Identifying and Filling the Legal gaps Exposed by the Grenfell Fire

  • Cowan, Dave (Principal Investigator)
  • Carr, Helen (Co-Investigator)
  • Kirton-Darling, Edward (Co-Investigator)
  • Burtonshaw-Gunn, Edward (Co-Investigator)

Project Details

Description

On 14th June 2017, there was a fire at Grenfell Tower in the Royal Borough of Kensington and Chelsea. At least 80 people died. Grenfell Tower was a tower block of 24 storeys with around 120 flats. The was an appalling tragedy and the research team expresses its sympathy to everyone affected. The law relating to health and safety in people’s homes is piecemeal, out-dated, complex, dependent on tenure, and patchily enforced. It makes obscure distinctions, which have little relationship with experiences of poor conditions. Tenants wanting to remedy defects face numerous and often insurmountable barriers to justice. The law needs to evolve.

In this report, we discuss the range of legal gaps which exist in the law as appear to have affected or impacted on the tragedy at Grenfell Tower. We are concerned, in particular, as housing lawyers, academics, and human beings that no such tragedy should happen again. The law can only ever be part of the context; even perfect laws (if there were such a thing) can fail in their implementation or as a result of judicial interpretation.

The intensity of concerns that have enveloped the Grenfell Tower tragedy has focused in part on the law. There has not been a more propitious moment for the public discussion of rights and obligations in housing perhaps since the 1960’s when the tower block debate began, and the mid and late nineteenth centuries, when the first significant interventions into housing began in the name of public health.

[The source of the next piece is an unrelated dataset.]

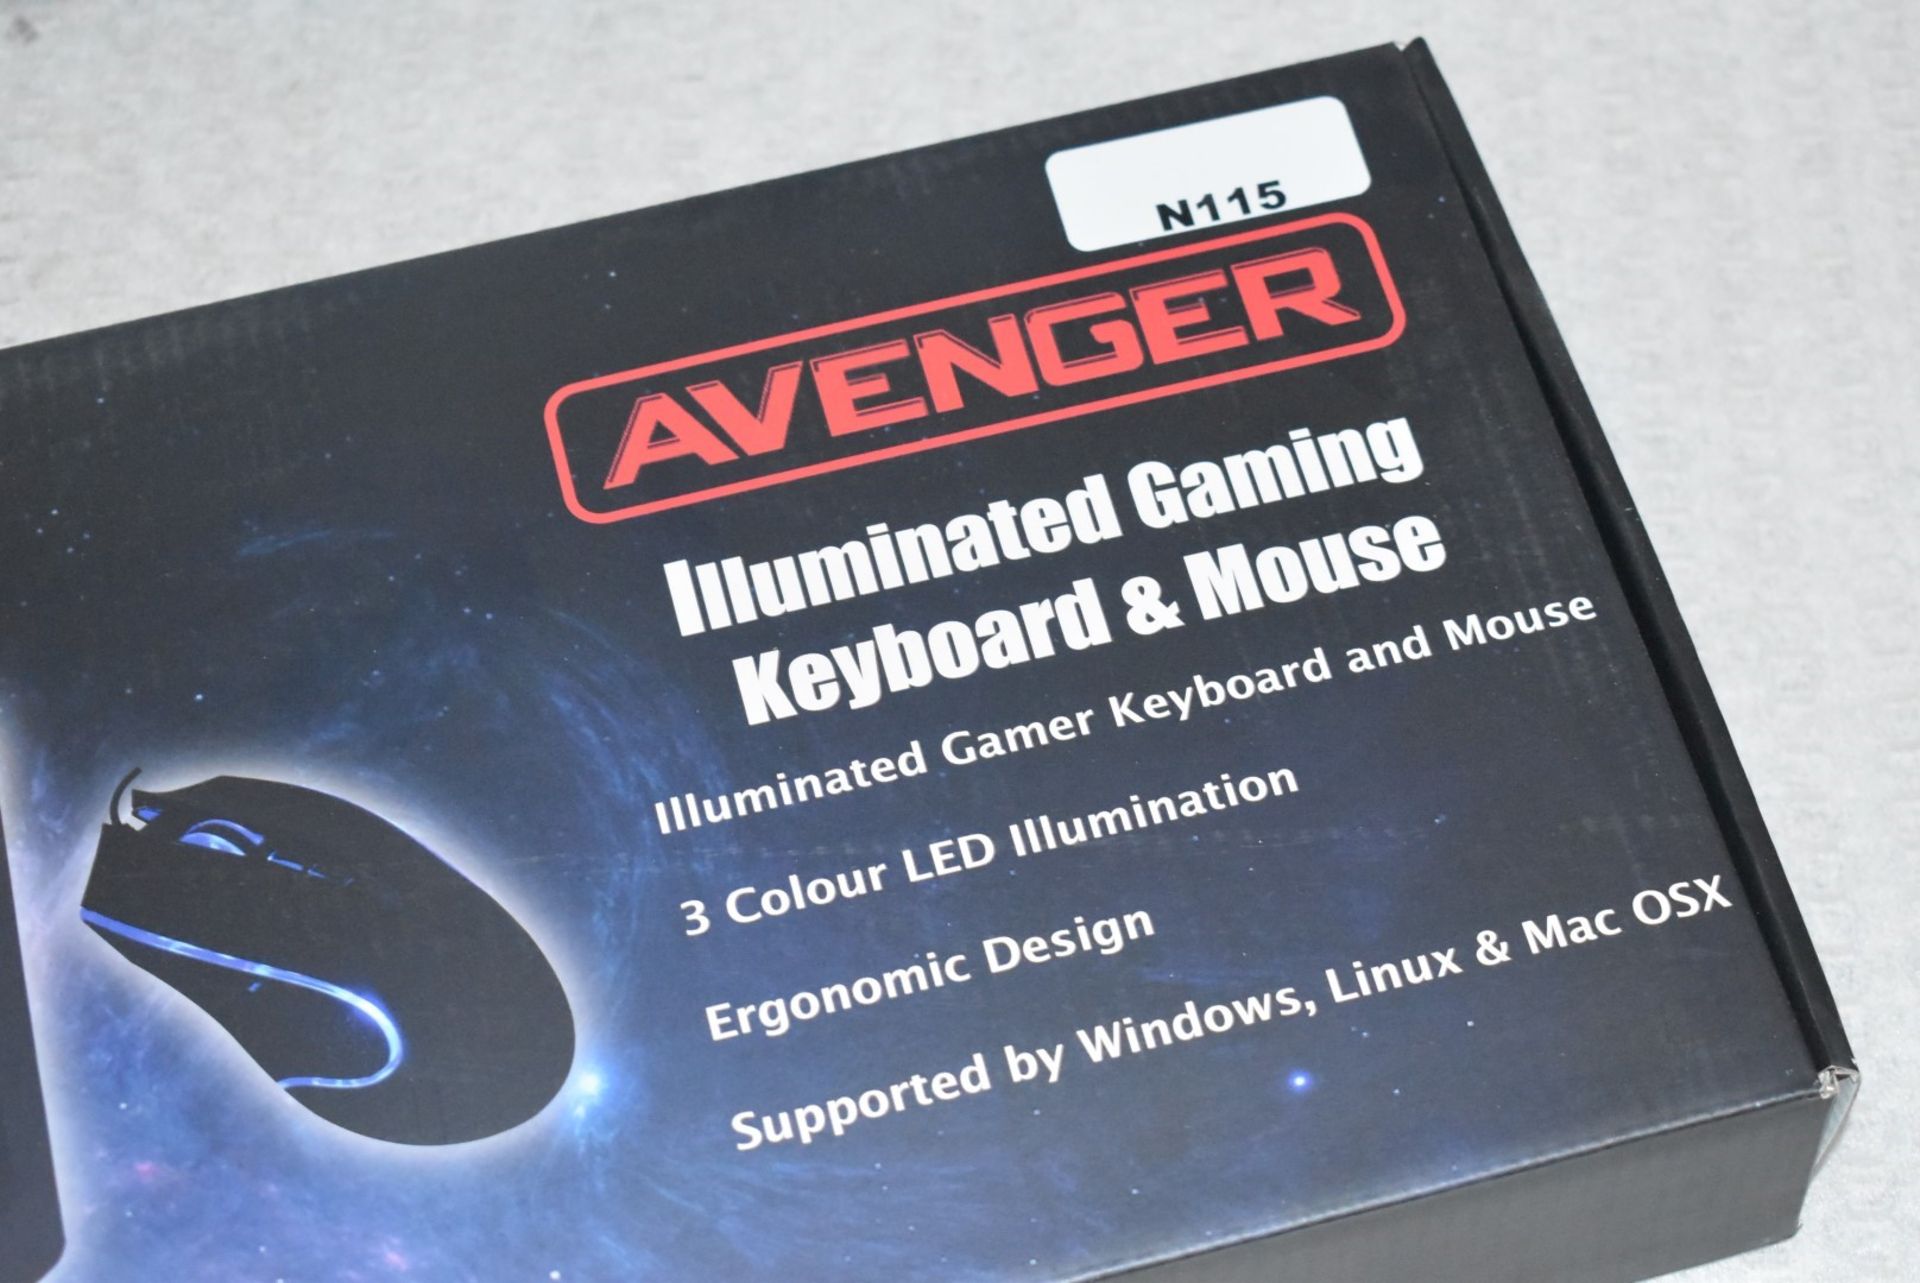 1 x CIT Avenger Illuminated Gaming Keyboard and Mouse - New & Boxed - Image 2 of 2
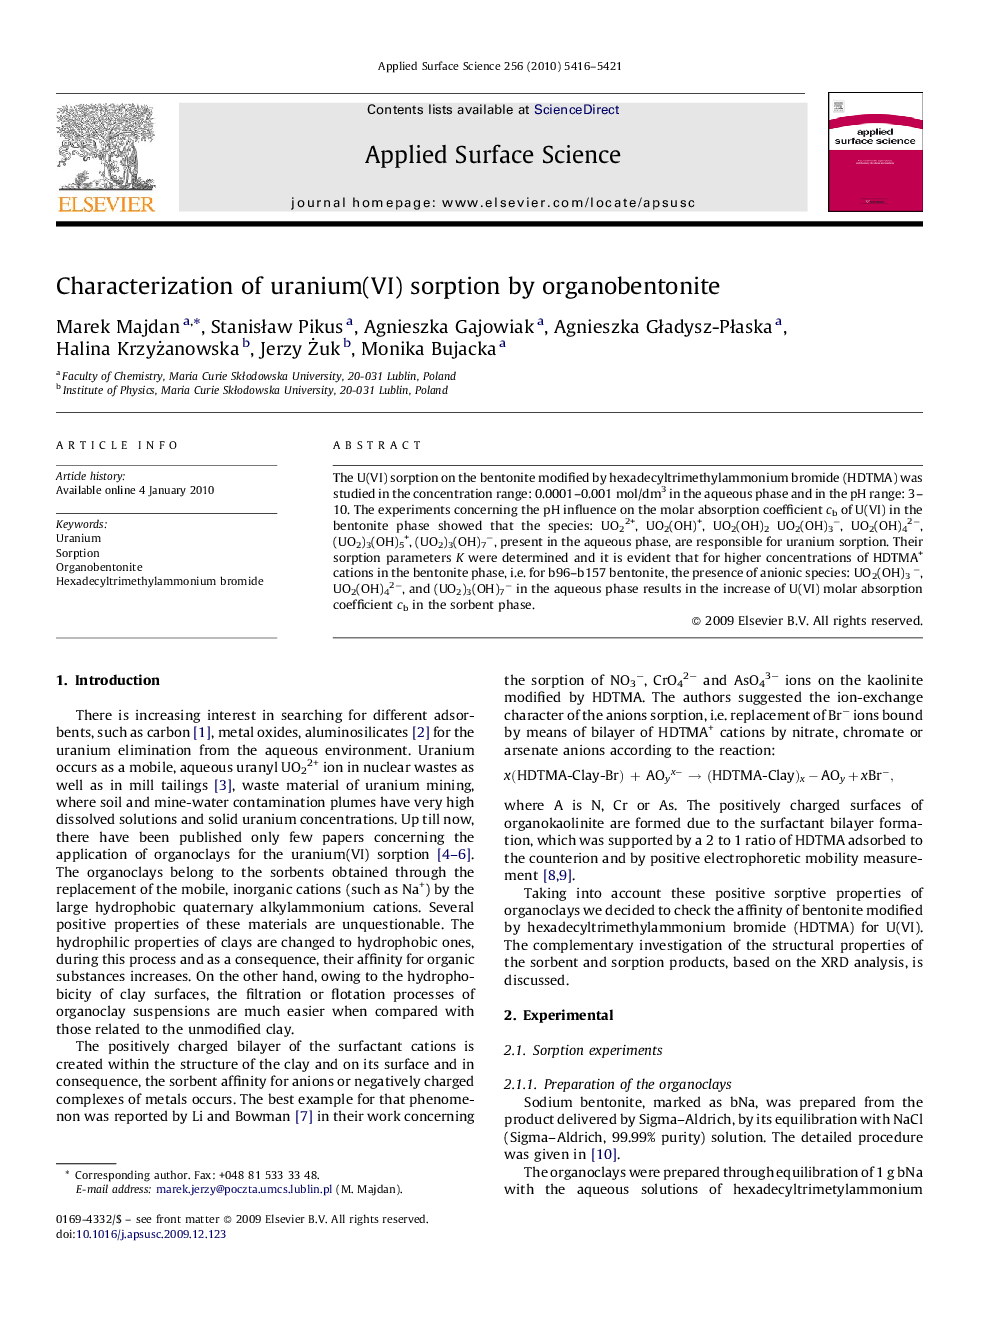 Characterization of uranium(VI) sorption by organobentonite

This report is designed to contribute to that public discussion. We have tried to write it so that it can be read widely. Some of what we have to say may be shocking – for example, the Victorian heritage of much of the law in this area, which focused on public health and morals, as opposed to safety of the occupants; some of what we have to say should be concerning – for example the lack of coherence in the law and practice, and the different protections available depending on housing tenure; and some of what we have to say – like the inability in some cases to answer the often critical questions, who has responsibility for the front door – is ludicrous, ridiculous and dangerous.

In our view, the health and safety of occupiers should not depend on tenure, class, or the history of housing policy. It should be designed to protect the health and safety of all occupiers.